После этого император смог приступить к сбору армии. Войска, вызванные из разных провинций, собирались на Верхнем Дунае, и до конца августа было неясно, двинется император на турок или на французов[4].

Подготовка Меца к обороне

17 августа для организации обороны в Мец прибыл герцог Франсуа де Гиз. С ним был отряд, состоявший из молодых аристократов, желавших поучаствовать в предприятии: маркиза д’Эльбёфа, графа де Ларошфуко, сеньора де Бирона, сеньора де Рандана и его брата. Позднее прибыли герцог Немурский, видам Шартрский, сеньор де Мартиг, принц Конде, его брат граф Энгиенский, двое сыновей Монморанси и другие знатные особы[5].

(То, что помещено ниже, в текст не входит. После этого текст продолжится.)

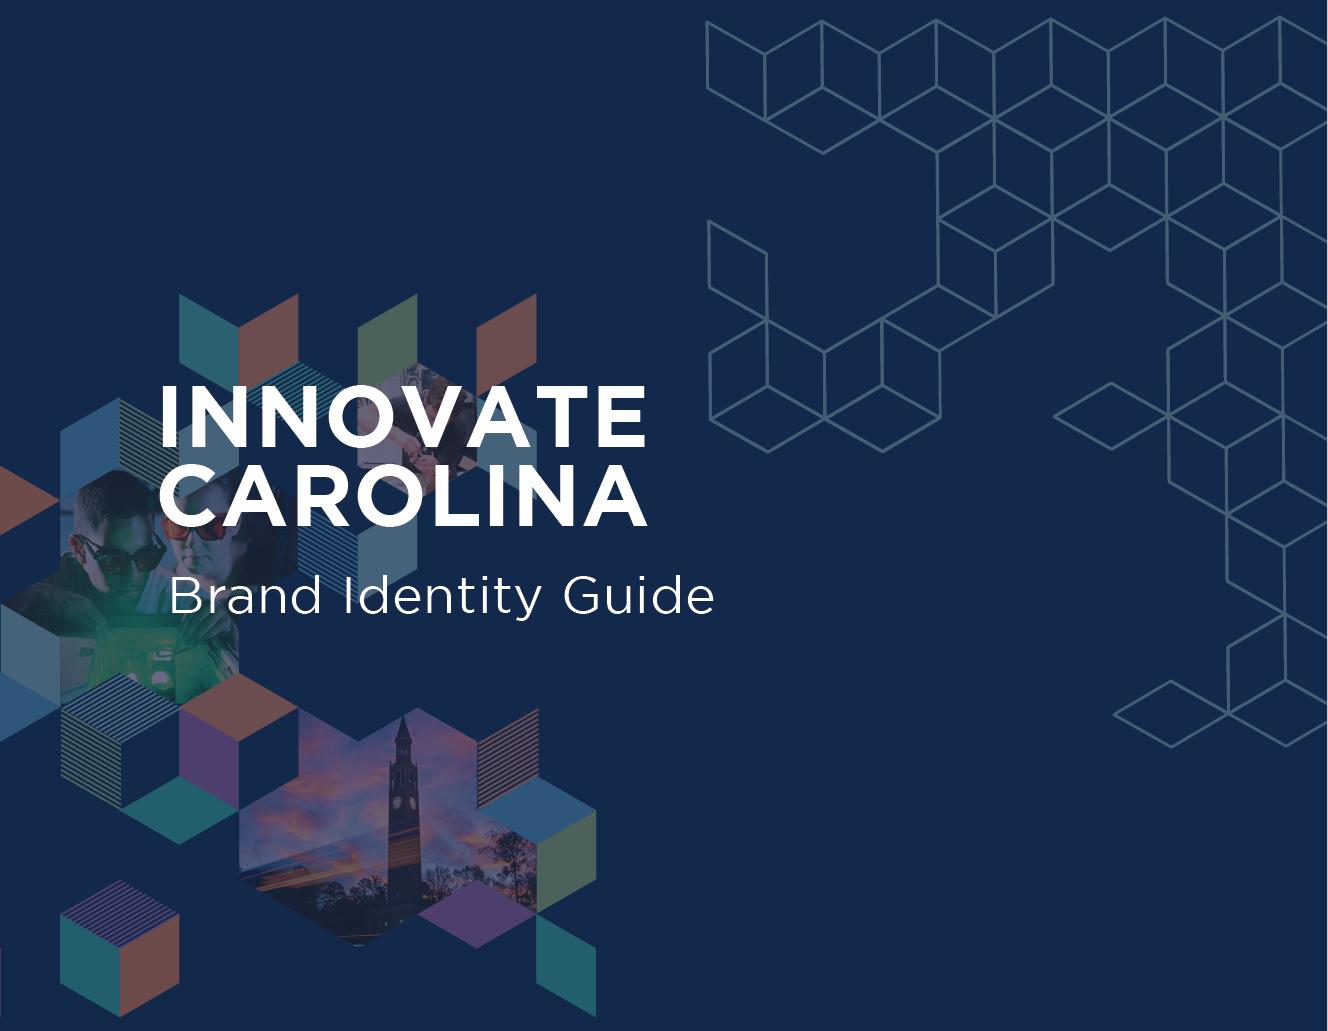 brand-identity-guide-cover

Мец был окружен с запада, севера и востока реками Мозелем и Сеем, сливавшимися на его северо-западной окраине. Две широкие и полноводные реки, разделенные островами на несколько рукавов, создавали естественную защиту на трех направлениях, и только с юга широкая равнина давала доступ к крепости. Со стороны рек укрепления представляли собой простую стену, усиленную инженерными сооружениями на северо-востоке, где в сторону Сея выходили Сен-Барбские, Немецкие и Мецкие ворота. Основные оборонительные сооружения располагались на юге, от ворот Сен-Тибо, выходящих на Сей, до Адской башни и платформы Сен-Мари — на Мозель. В центре этого участка находились Шампанские ворота[4].

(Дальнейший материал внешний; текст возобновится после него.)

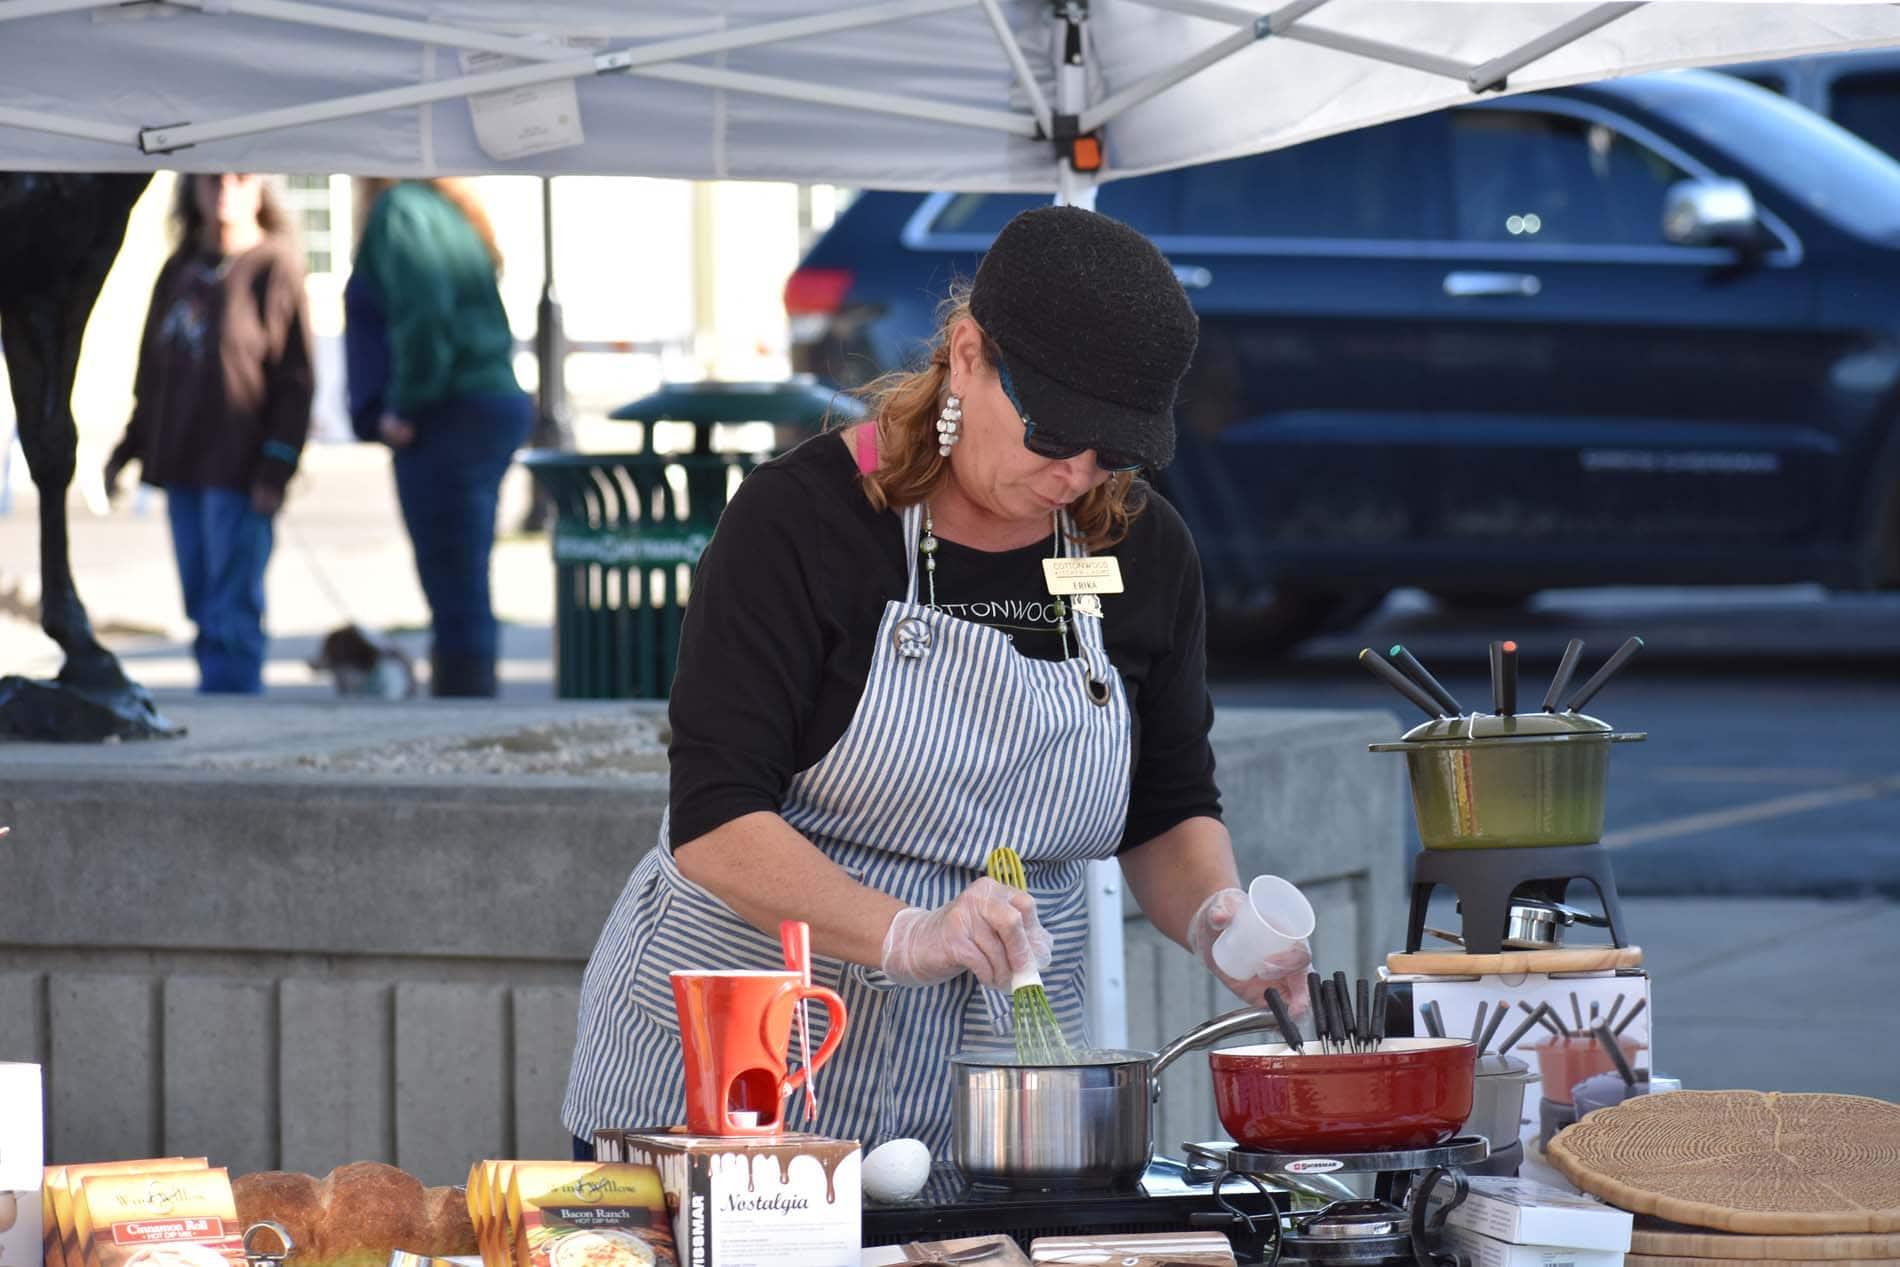 Photo of woman conducting cooking demonstration at Sheridan Farmers Market

Все укрепления были в плохом состоянии, и Гиз с помощью артиллерийских комиссаров и экспертов по фортификации немедленно занялся их усилением. Были снесены все пригороды и разрушены даже церкви, дабы ничто не мешало простреливать подступы. В самом городе были разрушены высокие здания, которые противник мог бы использовать как ориентиры для пристреливания орудий. Гиз распорядился свезти в Мец весь урожай с окрестных полей, чтобы местность в радиусе лье от города представляла собой пустыню[6].

Начало осады

Захват Францией Меца наносил удар по престижу империи, и 1 сентября её войска выступили на запад.

Герцог Альба и маркиз Мариньяно, командовавшие авангардом имперских сил (20 тыс. пехоты, 4 тыс. кавалерии и 7 орудий), 19 октября подошли к городу в районе Немецких ворот. Сеньор де Ла Бросс произвел вылазку, вступив в бой с двумя тысячами испанских или итальянских аркебузиров. Сражение продолжалось с 11 часов утра до вечера, и французы взяли верх, благодаря помощи, приведенной из крепости кампмейстером Фаваром и Пьеро Строцци[7].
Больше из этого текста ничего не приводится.